O dispositivo permitia que a administração deixasse de apresentar ao Tribunal de Contas do estado do Ceará o conteúdo de pesquisas e auditorias solicitadas pela administração para direcionamento de suas ações, bem como de documentos relevantes, cuja divulgação pudesse importar danos para o estado.
O ministro considerou que a regra demonstrava “uma fórmula que, mais do que perigosa, reflete uma inqualificável subversão dos princípios estruturadores da gestão democrática e republicana do poder estatal, cuja prática impõe, aos que o exercem, plena submissão às exigências indisponíveis da publicidade”.

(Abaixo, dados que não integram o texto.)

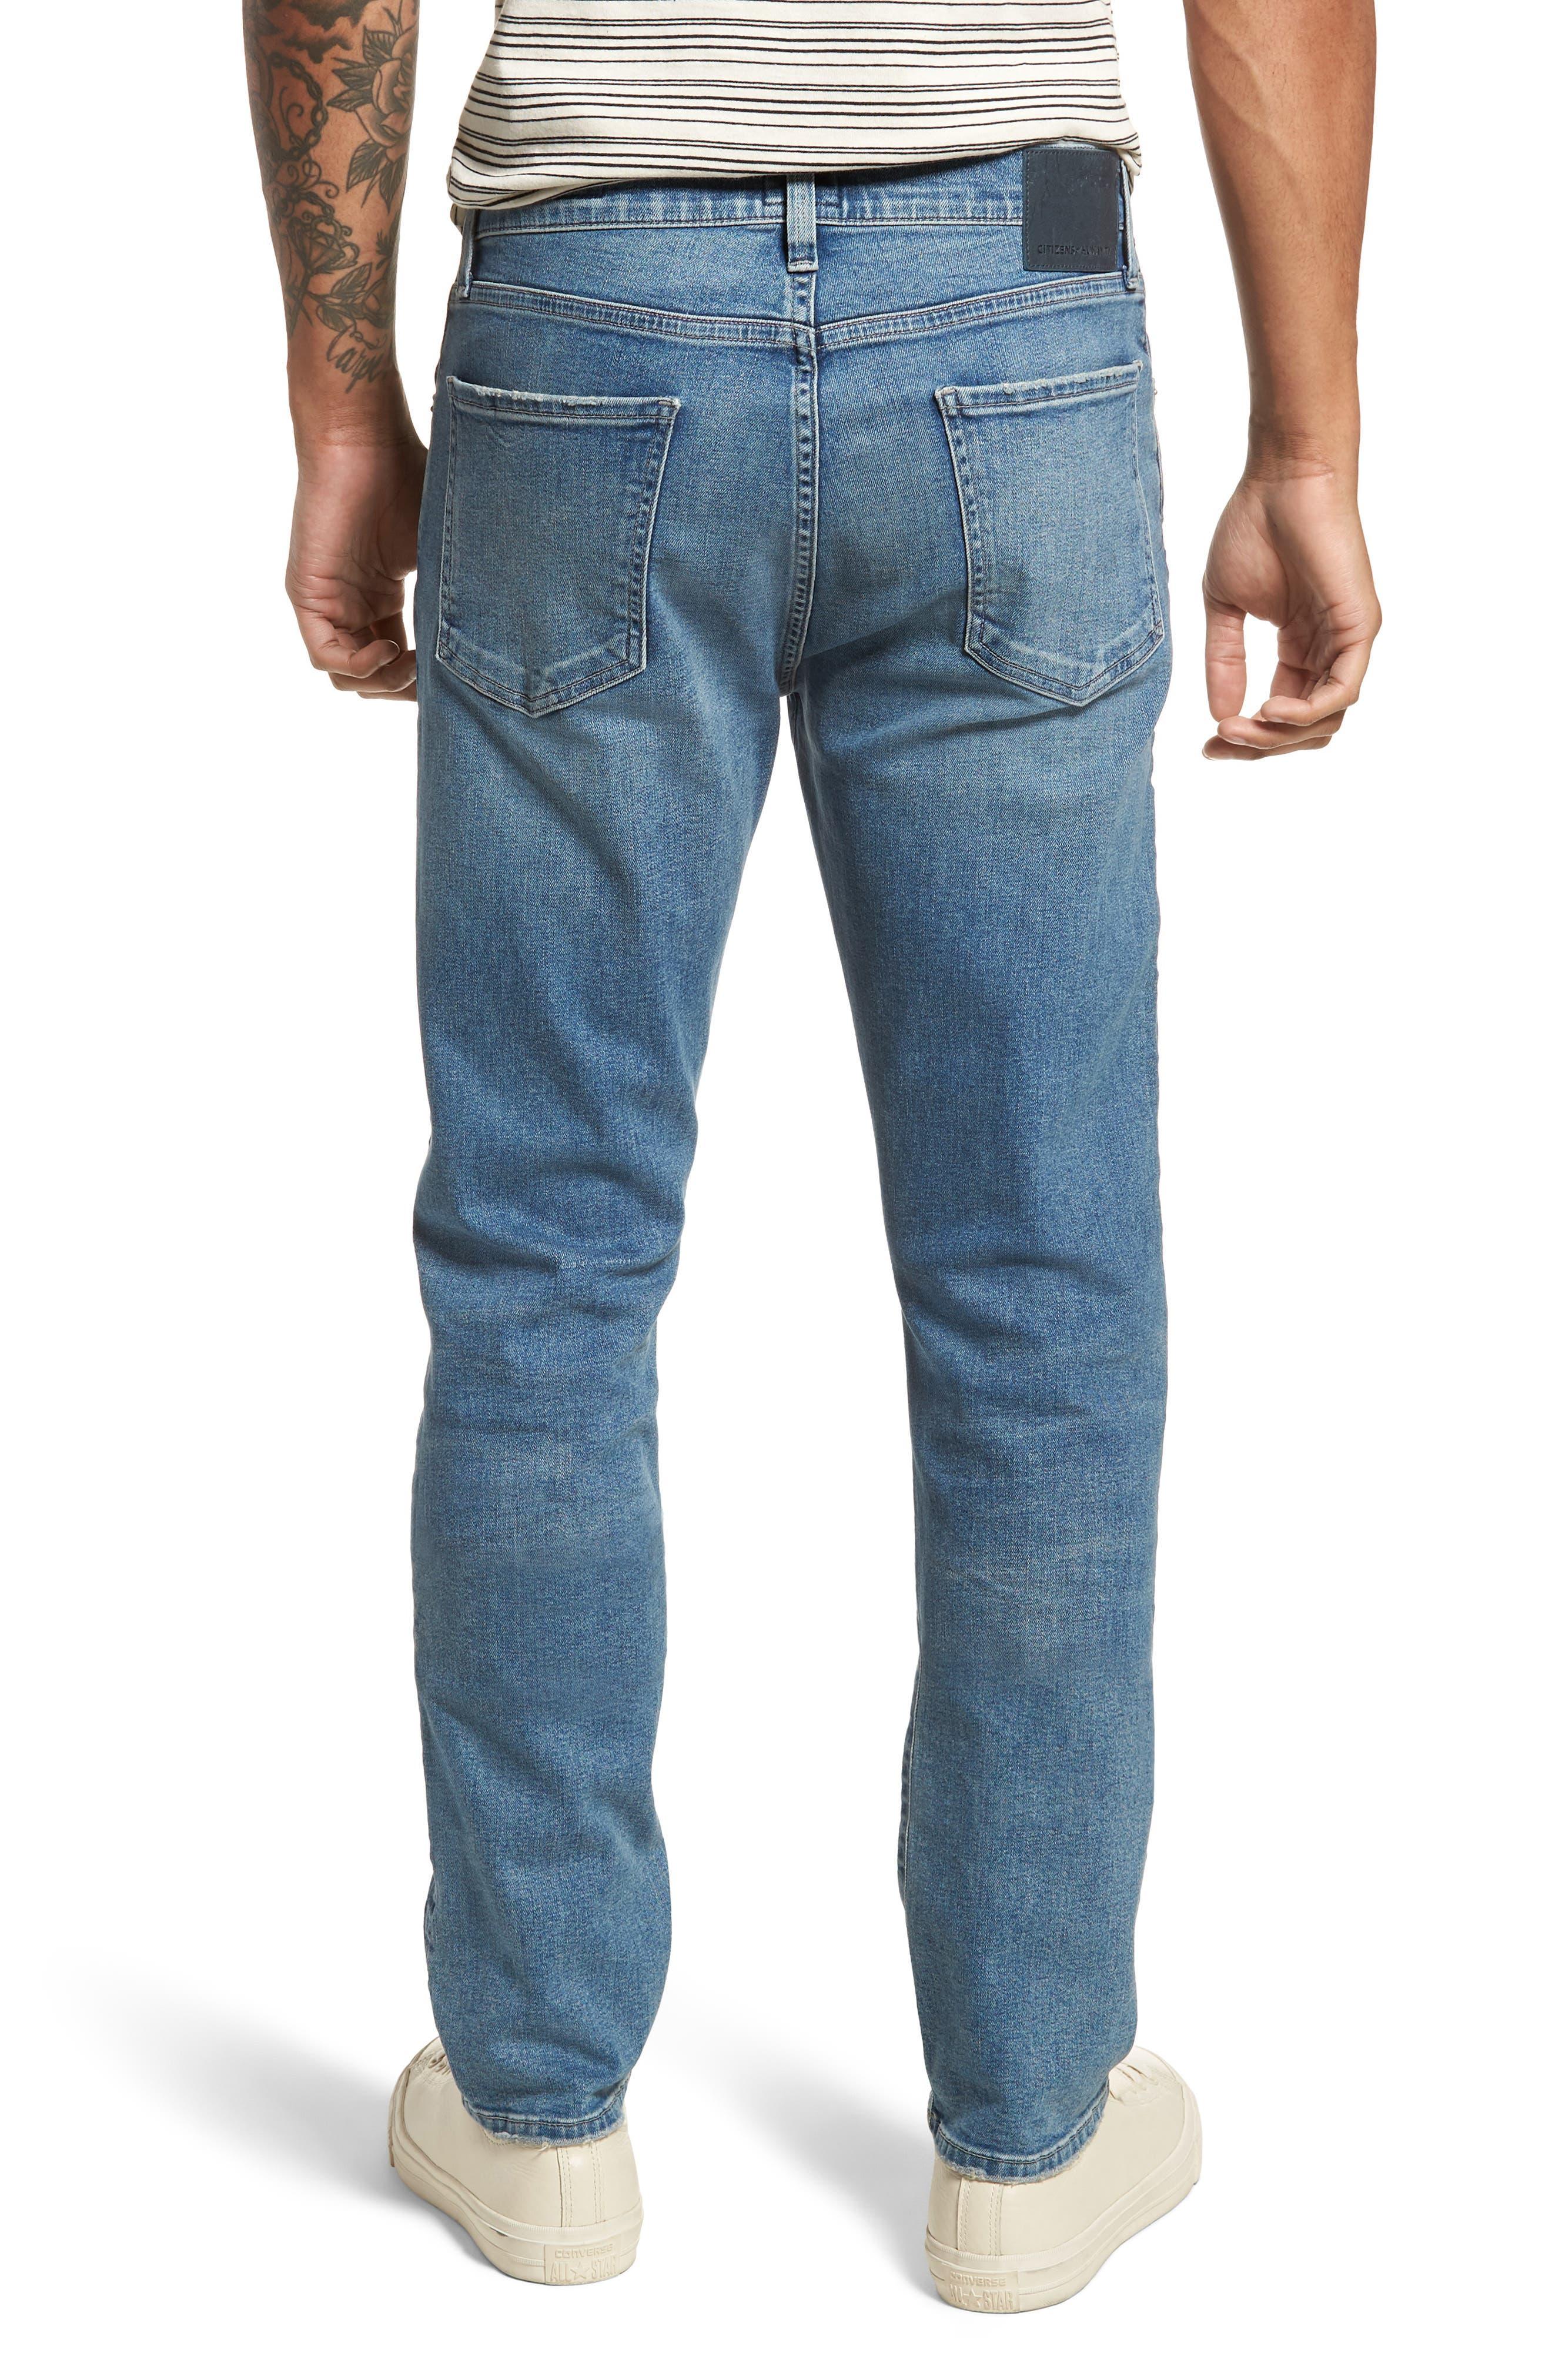 Perform - Gage Slim Straight Leg Jeans,                             Alternate thumbnail 2, color,                             473

“O novo estatuto político brasileiro — que rejeita o poder que oculta e que não tolera o poder que se oculta — consagrou a publicidade dos atos e das atividades estatais como valor constitucionalmente assegurado, incluindo-o, com expressa ressalva para as situações de interesse público, entre os direitos e garantias fundamentais”, considerou.
O ministro ressaltou que “a Assembléia Nacional Constituinte, em momento de feliz inspiração, repudiou o compromisso do Estado com o mistério e com o sigilo, que fora tão fortemente realçado sob a égide autoritária do regime político anterior, no desempenho de sua prática governamental. Ao dessacralizar o segredo e ao banir a possibilidade do exercício de um poder não consentido, a Assembléia Constituinte restaurou velho dogma republicano e expôs o Estado, em plenitude, ao princípio democrático da publicidade, convertido em fator de legitimação das decisões e dos atos governamentais.”
A validade do parágrafo 3º, do artigo 47 da Lei Orgânica do Tribunal de Contas da União, está suspensa desde outubro de 2001. O mérito ainda não foi analisado (ADI 2.361).